The collapse of the Soviet Union and of single-party rule in Eastern Bloc states did not solve all of those countries' problems.  In some cases, the introduction of an unregulated market economy resulted in crises of corruption and inequality that themselves have been threats to democracy.

Those pushing for true democracy in the Soviet Union and other states now contend with oligarchs who use their connections to corrupt state officials for their own profit. As Andrew Mueller writes for The Guardian:

[I]n the chaos that followed the collapse of the Soviet Union, the state-owned assets and resources of the superpower were snapped up by a tiny group of smart, ruthless, ambitious and well-connected men, who abruptly joined the ranks of the very richest people in history....

The rise of the oligarchs was one of many grotesque results of Russia's transformation to capitalism—a shift managed so ineptly that many Russians ended up nostalgic for communism. The oligarchs, idiotically rich in a country that was largely poor, and given to parading their wealth in a manner that makes American hip-hoppers look like an especially reticent community of Amish farmers, could certainly have given any former Soviet citizen pause to wonder, as he queued for beetroot, what the proletarian revolution had been for.

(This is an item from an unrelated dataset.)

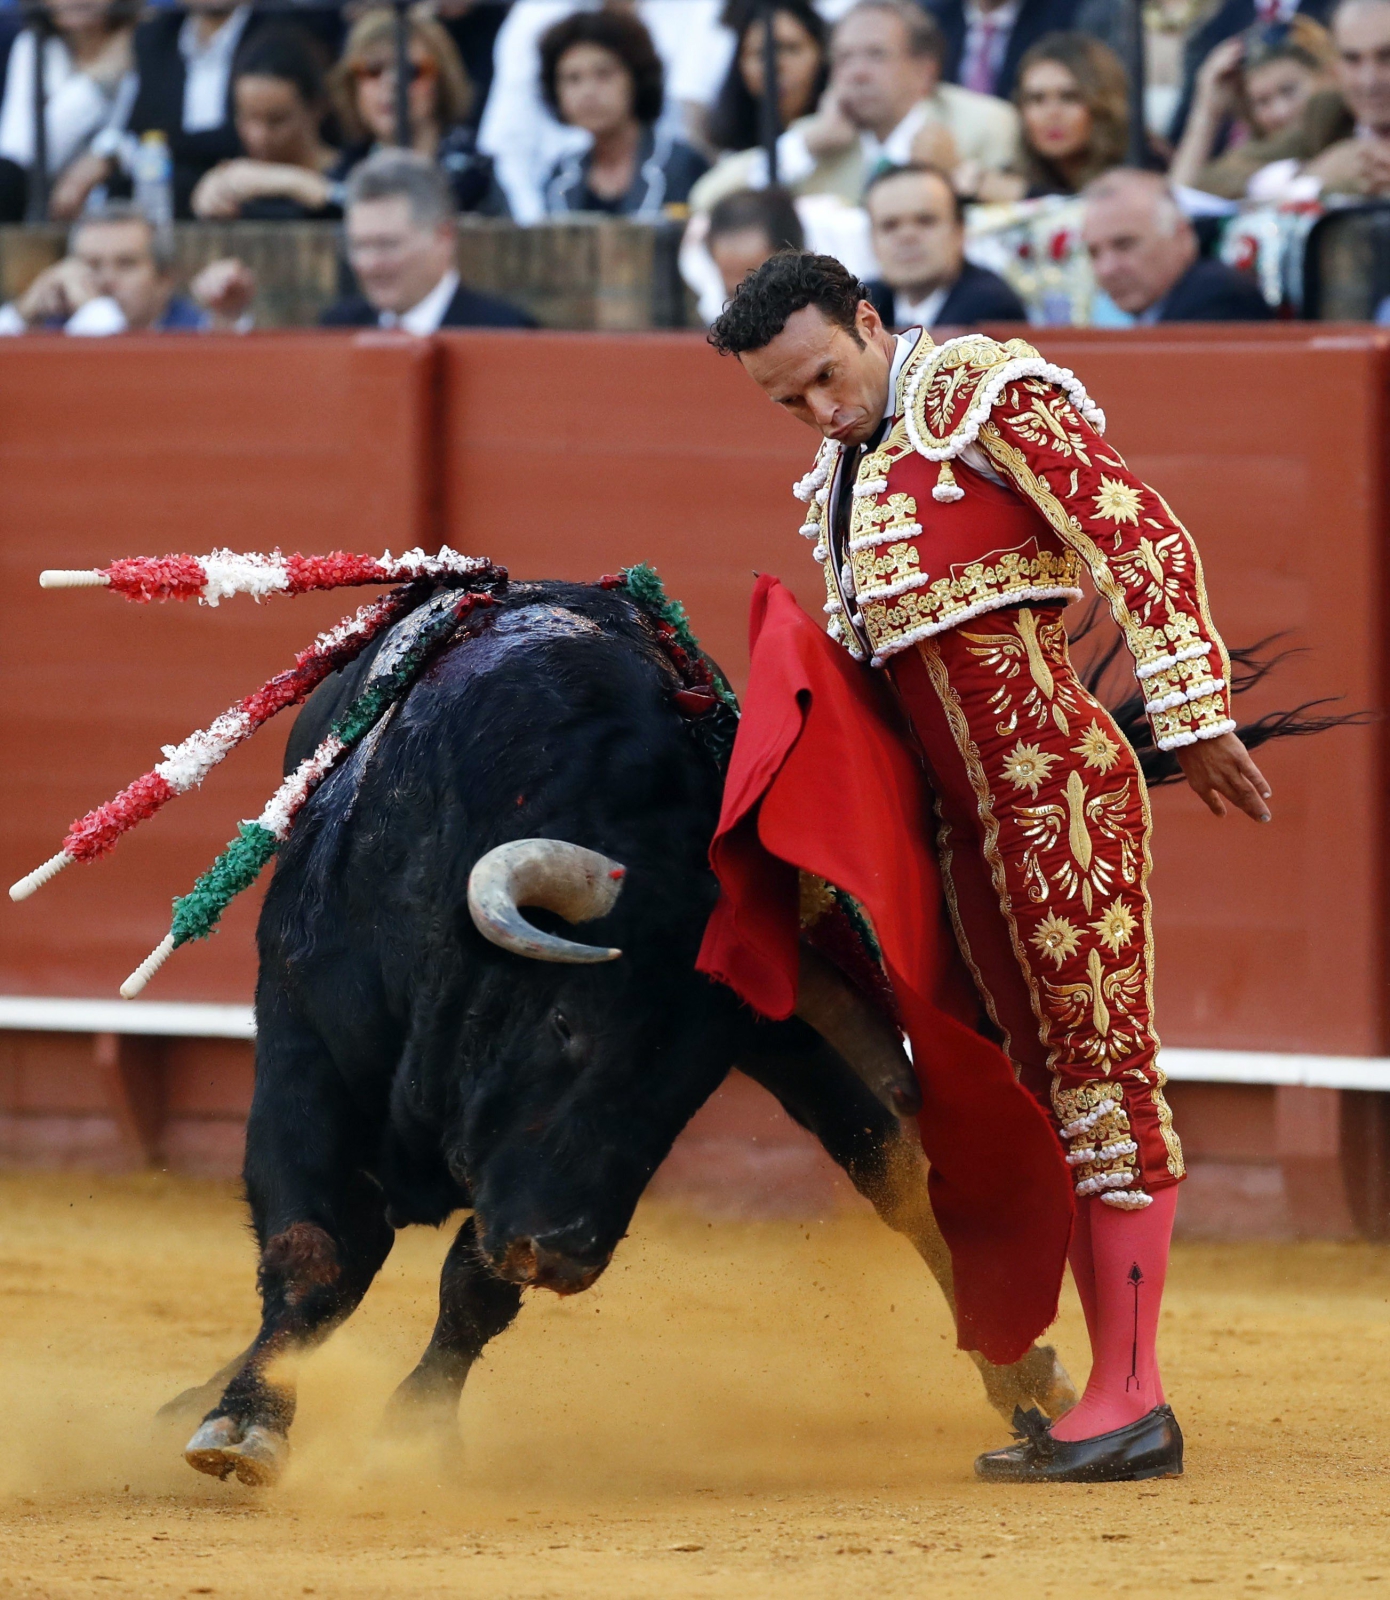 epa05947329 Spanish bullfighter Antonio Ferrera fights with his second bull of the evening during the bullfighting held on the ocassion of the April's Fair held at the Maestranza bullring in Seville, Andalusia, Spain, 06 May 2017.  EPA/JULIO MUNOZ 
Dostawca: PAP/EPA.

The oligarchs, not content with buying companies, villas, yachts, planes and the most beautiful of Russia's beautiful women, also bought power. In 1996, they connived to engineer the re- election of the politically and physically ailing Boris Yeltsin. In 2000, they helped steer Yeltsin's successor into power—Vladimir Putin, a saturnine former spook with the KGB.


For residents of the former East Germany, a transition to multiparty democracy faced fewer obstacles. German reunification meant that the East was reabsorbed by a country with a strong, stable economic base and a social democratic political tradition. As a result, Germans have fared better than many others in the former Soviet bloc, who today, a full 25 years after the fall of the Berlin Wall, continue to struggle for genuine democracy and economic justice.
 

For Discussion:

  1. How much of the material in this reading was new to you, and how much was already familiar? Do you have any questions about what you read?
     
  2. What are some of the things left out of conventional American accounts of the fall of the Berlin Wall and the end of the Cold War?
     
  3. John Tirman argues that anti-nuclear activists played a critical role in slowing the nuclear arms race and facilitating the Cold War's end. What do you think of his argument?
     
  4. Despite the end of the Cold War, a struggle for genuine democracy and economic justice persists in many former Eastern Bloc countries. What challenges are residents of these countries now facing?